What will Smith think? I wondered, though I could imagine perfectly well.
"At least we’re safe," said Dawkins.
I said nothing.
"For now," he couldn’t stop himself from adding.
The Expedition
On the twelfth day of our journey across the frozen tundra, just as we were setting up camp, Smith espied something through his field glasses.
"Take a look at this, Jenkins," he said to me. "Tell me what you make of it."
I took the glasses and gazed through them. There, in the middle of the whiteness of the slope, was something still white but less white, a vague interruption of the deadening regularity of the landscape.
"I don't know, sir," I said.
"I'll be dashed if I do either," said Smith. "Take one of the men and have a closer look."
I'd started off when he called me back. "Who shall it be?" he said.
"Sir?"
"Who shall you take with you?" he asked.
"I thought Clark, sir," I said.
"Clark?" he said. "Knobby Clark? No, it just won't do. Knobby's hardly expendable. Take what's his name, that other fellow, the dim one, name not unlike yours."
"Not Dawkins," I said, my heart sinking.
"Yes, that's the one," he said. "He's the fellow. Off with you."
I sighed and went to get Dawkins. We each took with us a repeater and a pair of snowshoes and set out.
As we came closer, Dawkins periodically regarded it through the field glasses.
"What do you think it looks like?" I finally asked.
"I don't know," said Dawkins. "Perhaps bones."

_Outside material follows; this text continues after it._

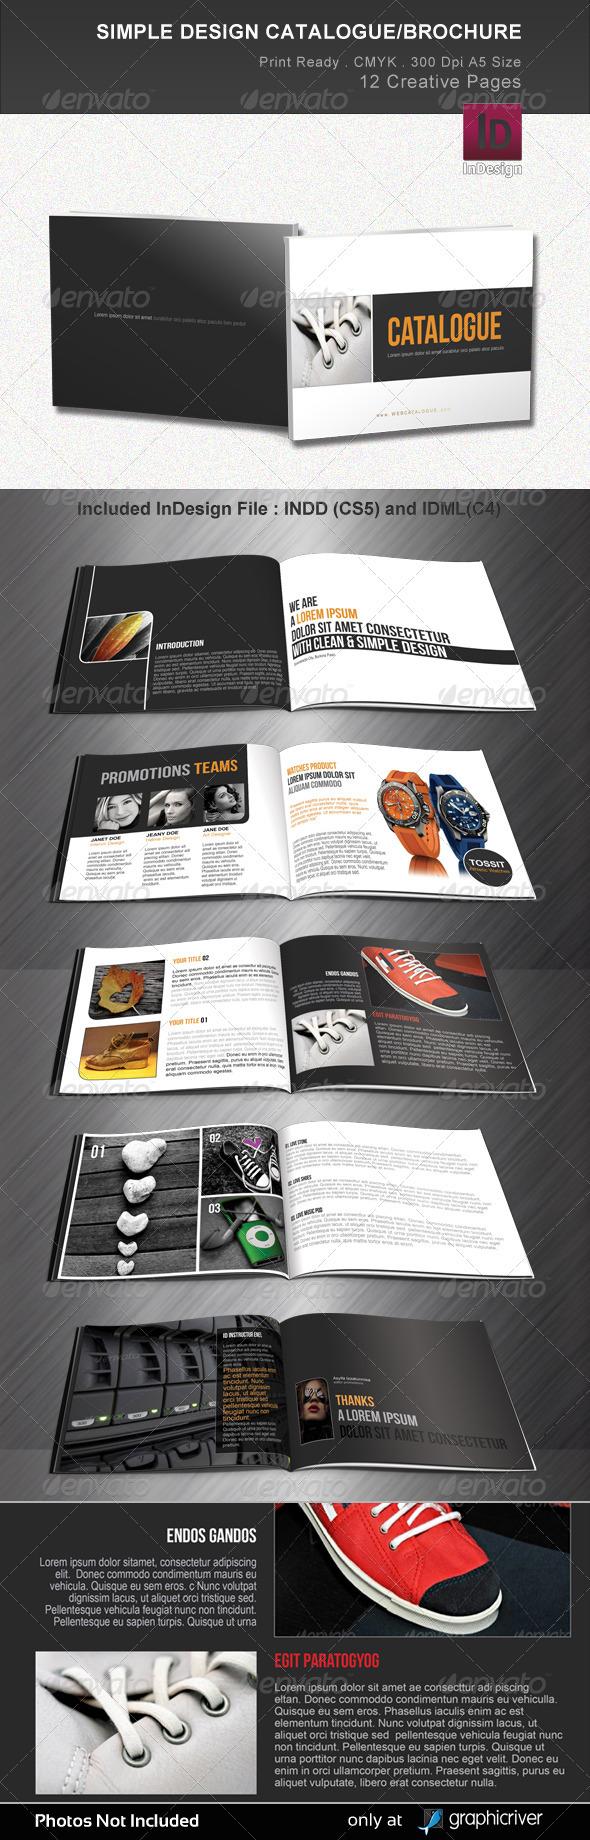 GraphicRiver Simple Design Catalogue Brochure 2387243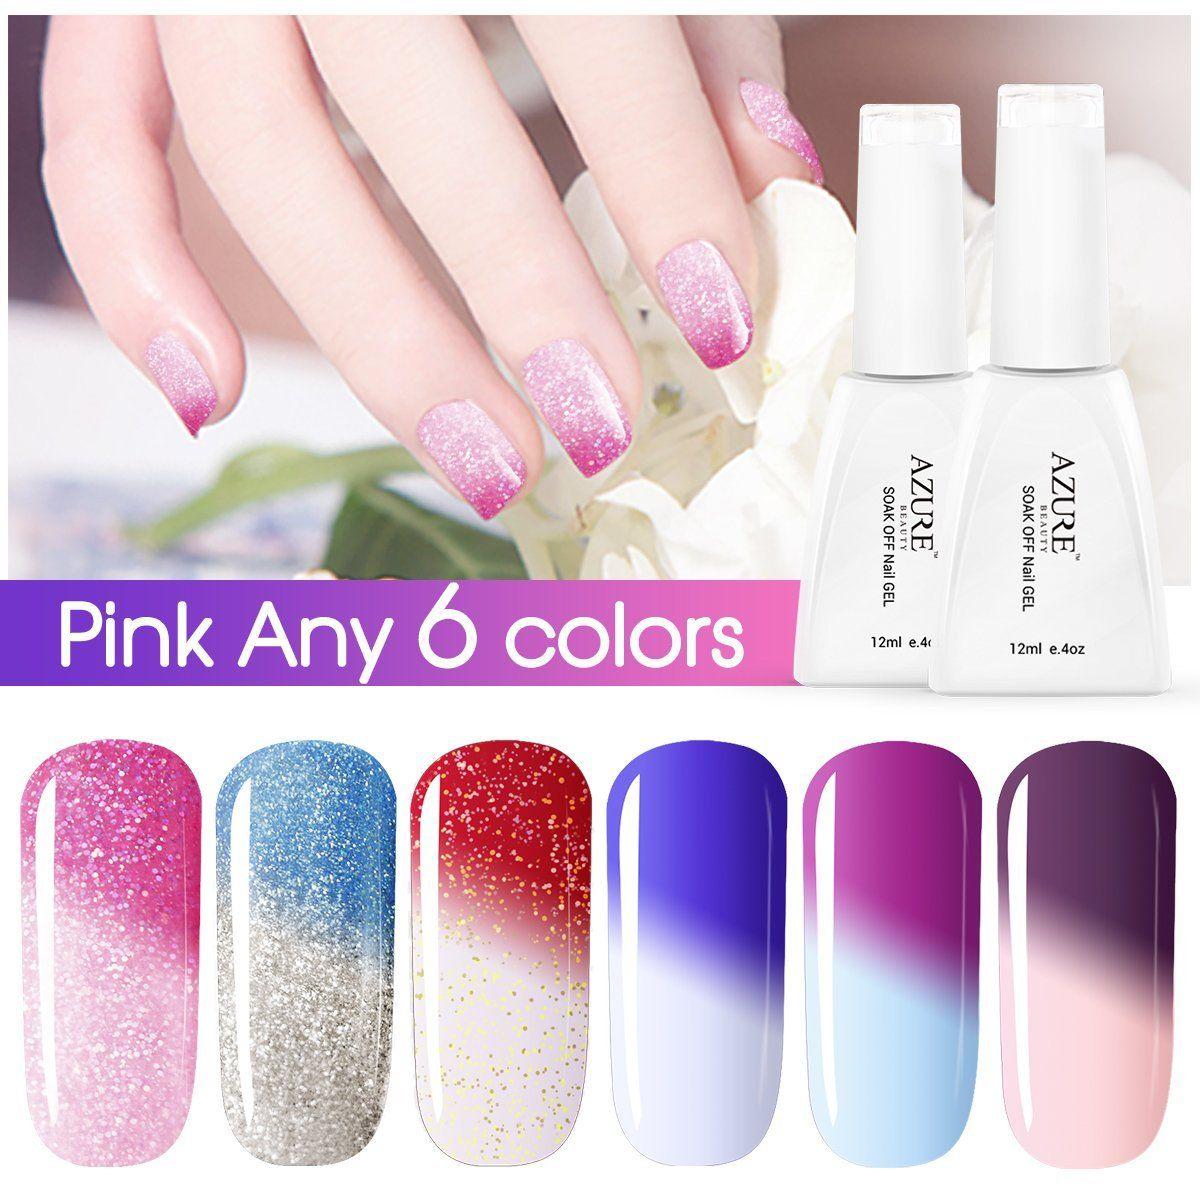 Azure Beauty Soak-off Chameleon Nail Polish UV LED Gel Pick Any 6 ...

I commandeered the field glasses and looked. Yes, he was right, it resembled nothing so much as bone. But of what sort of creature? And how had that creature come to be wandering in wastes such as these?
It was near dark when we finally arrived. We stopped at a little distance and stood in contemplation. It was a skeleton unlike anything either of us had ever seen before, catlike in the shape of its skull but sharply fanged as well, and with a strangely elongated neck. Inordinately large, too, the whole skeleton nearly twice the size of a man.
"Good God, man!" I said to Dawkins excitedly. "Do you have any idea what we've found?"
It was at that moment, with a low whispering sound, that the bones began to move.
All Along the Route
All along the route there had been indications we should turn back, but Pickering, driving, was not to be dissuaded. He nudged the vehicle past the outstretched limbs of trees, maneuvering down increasingly narrow streets, until the streets themselves became first gravel and then dirt, finally deteriorating into little more than animal trails.
"Shouldn’t we go back, sir?" Dawkins asked from the back seat.
"Shut up, Jenkins," said Smith.
"But I’m Jenkins, sir," I said.
"That’s immaterial," claimed Smith, twisting his head back to look at me. "Pickering knows what he’s doing." He cast a glance at the fellow. "Don’t you, Pickering?"
There was, I thought, a certain hesitation in his voice.
As for Pickering, he did not respond, just drove slowly forward. We progressed wordlessly, listening to twigs and branches scrape the sides of the vehicle, hearing the long grasses whisper against the underside of the carriage.
Eventually, the evidence became irrefutable. Ahead was a sign, a sturdy wooden barrier behind it. Pickering pulled the vehicle to a stop, just stared.
We sat there a long time, in an embarrassed silence.
"Well, Pickering," Smith finally said. "What do you have to say for yourself?"
But Pickering said nothing. Instead, after a moment of staring, he threw the vehicle back into gear.
We rumbled slowly forward, toward the sign.
"But sir!" cried Dawkins.
"Be quiet, Jenkins," said Smith. "And you, too, Dawkins. Pickering knows what he’s doing."
Even after all that followed, it took Smith some time to admit to us that he had been wrong.